_What the exercise asks:_
In the material below, the lines between the one holding "Real Techniques foundation brush" and the one holding "Small rural UK electricity pole.", inclusive, are to be set down word for word. Pictures stay out.

_Supplied material:_
================================

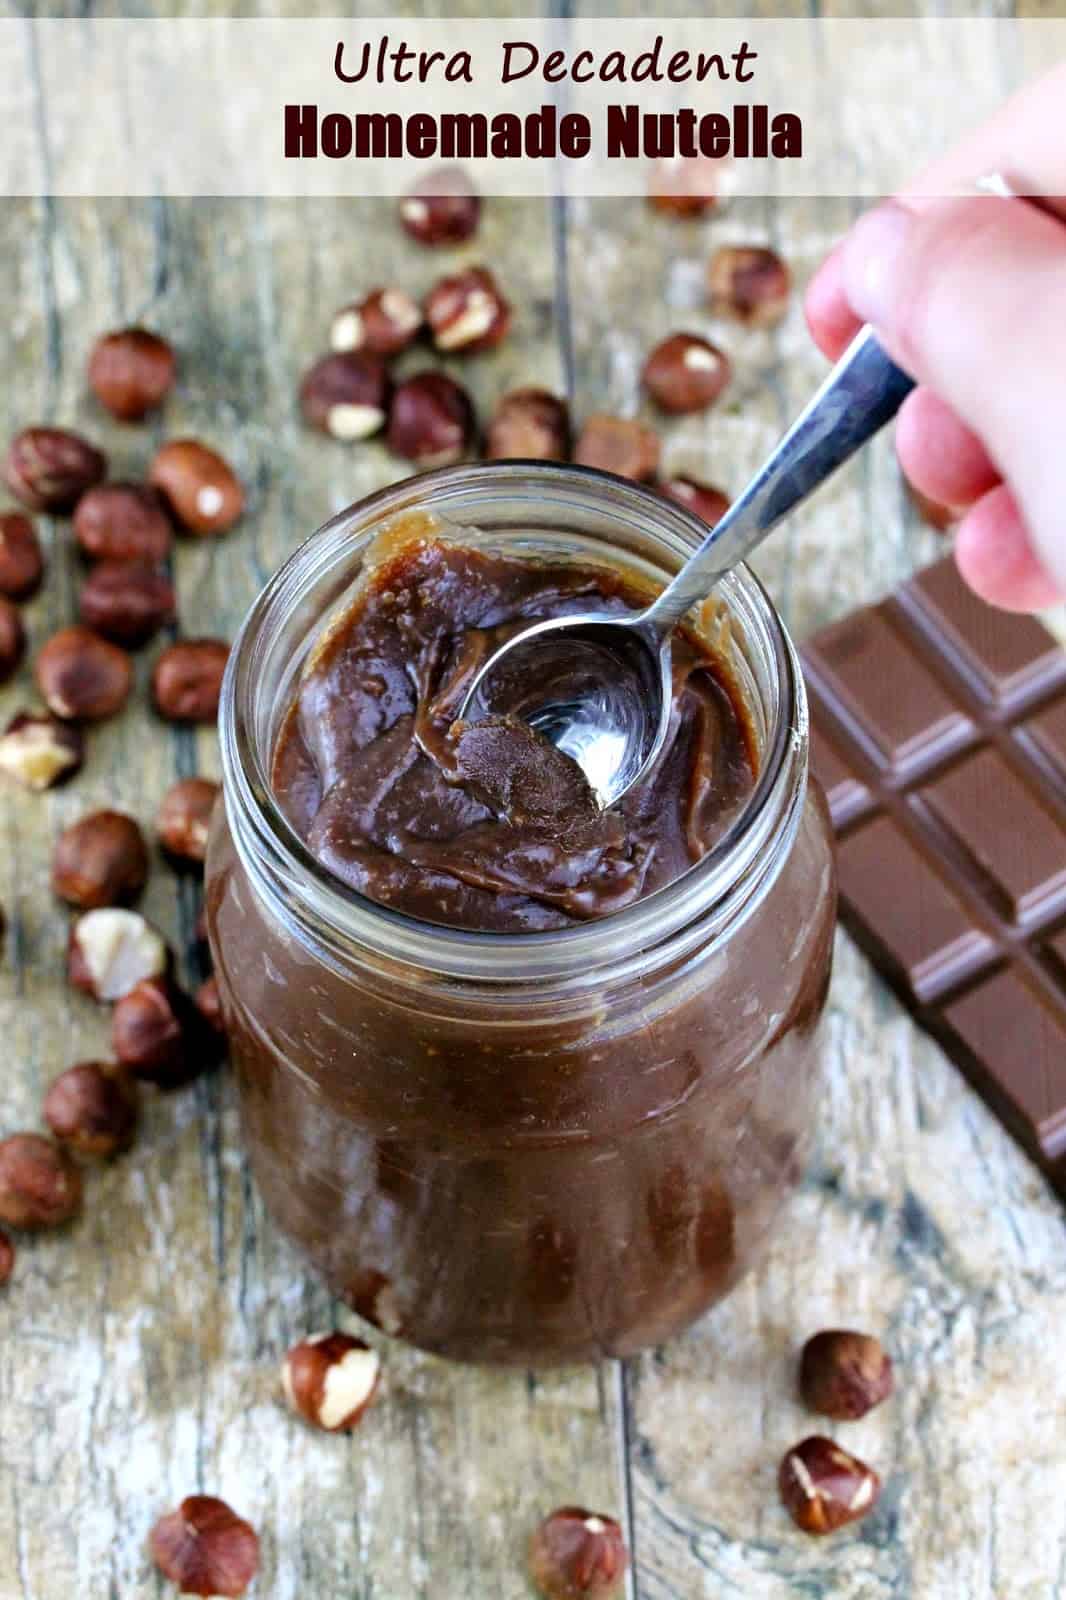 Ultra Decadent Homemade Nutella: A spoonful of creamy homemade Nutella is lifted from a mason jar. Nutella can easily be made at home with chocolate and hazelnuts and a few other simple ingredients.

================================

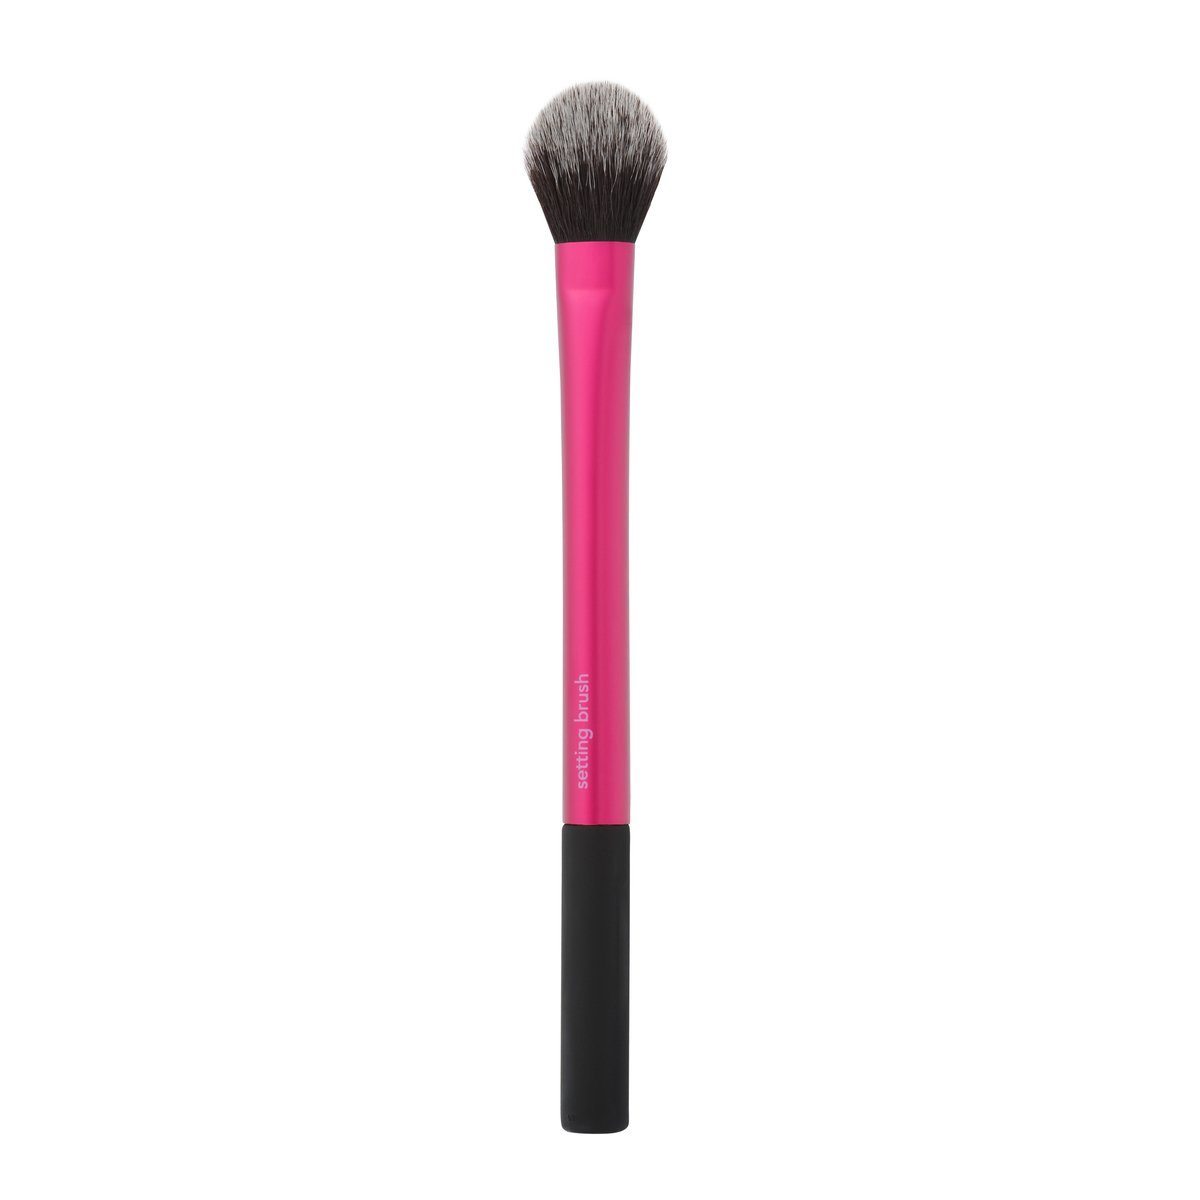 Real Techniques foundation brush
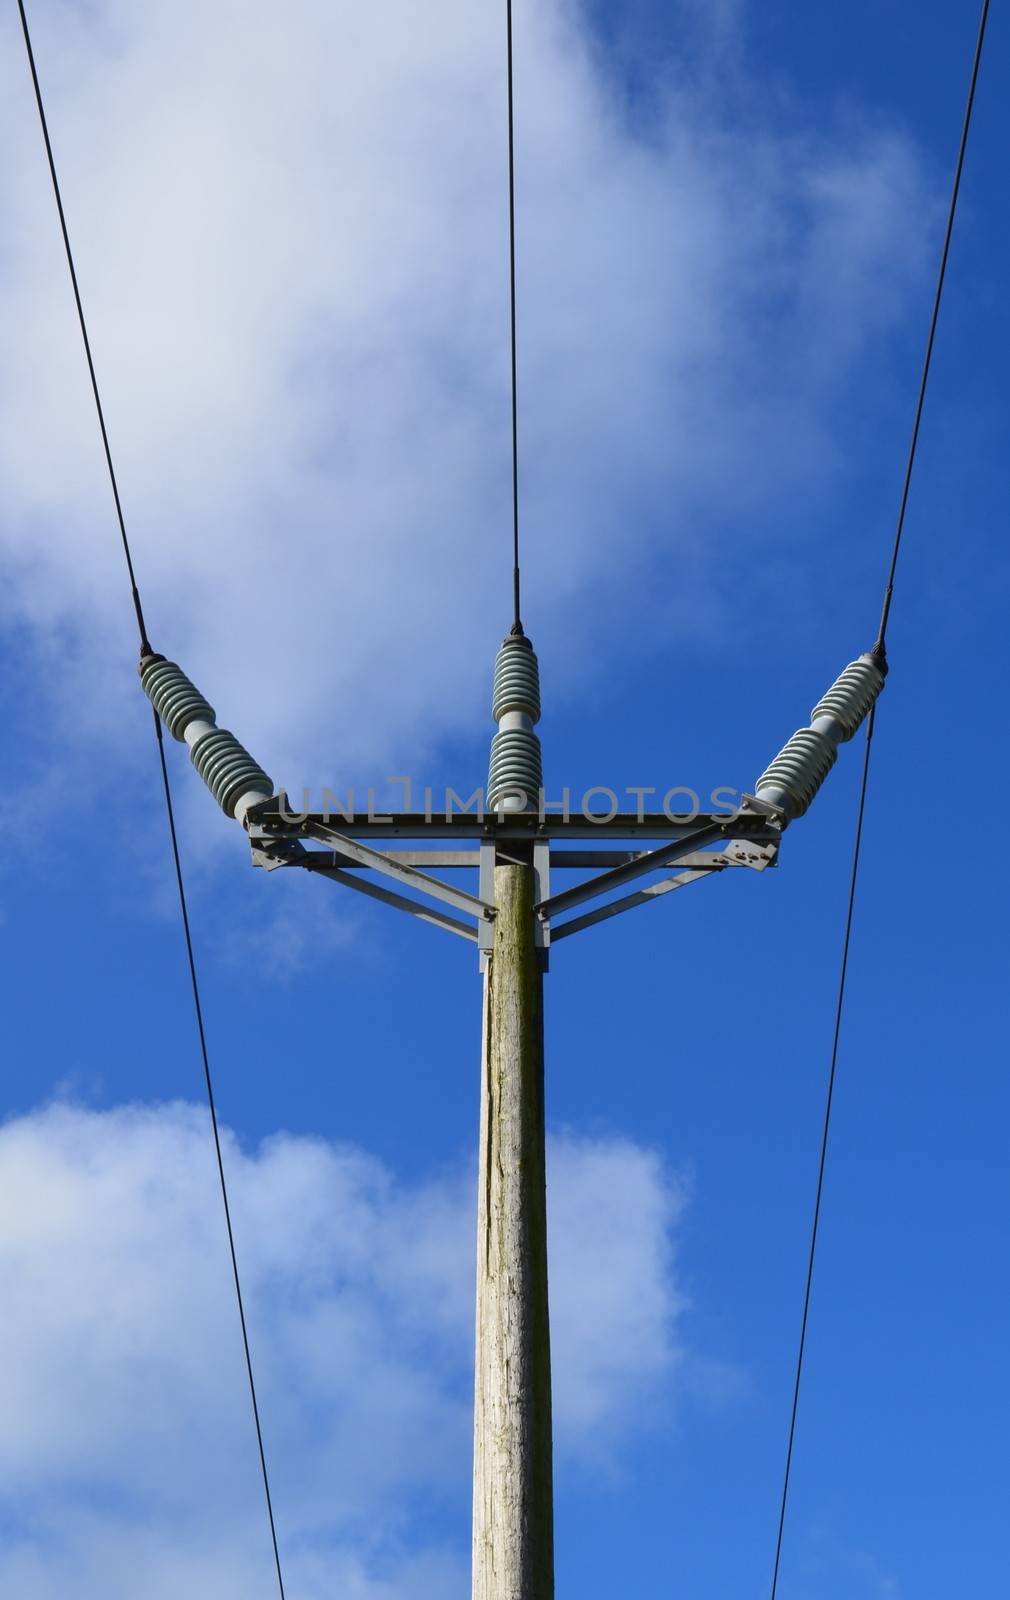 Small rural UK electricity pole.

================================

_Answer below:_
 Real Techniques foundation brush
 Small rural UK electricity pole.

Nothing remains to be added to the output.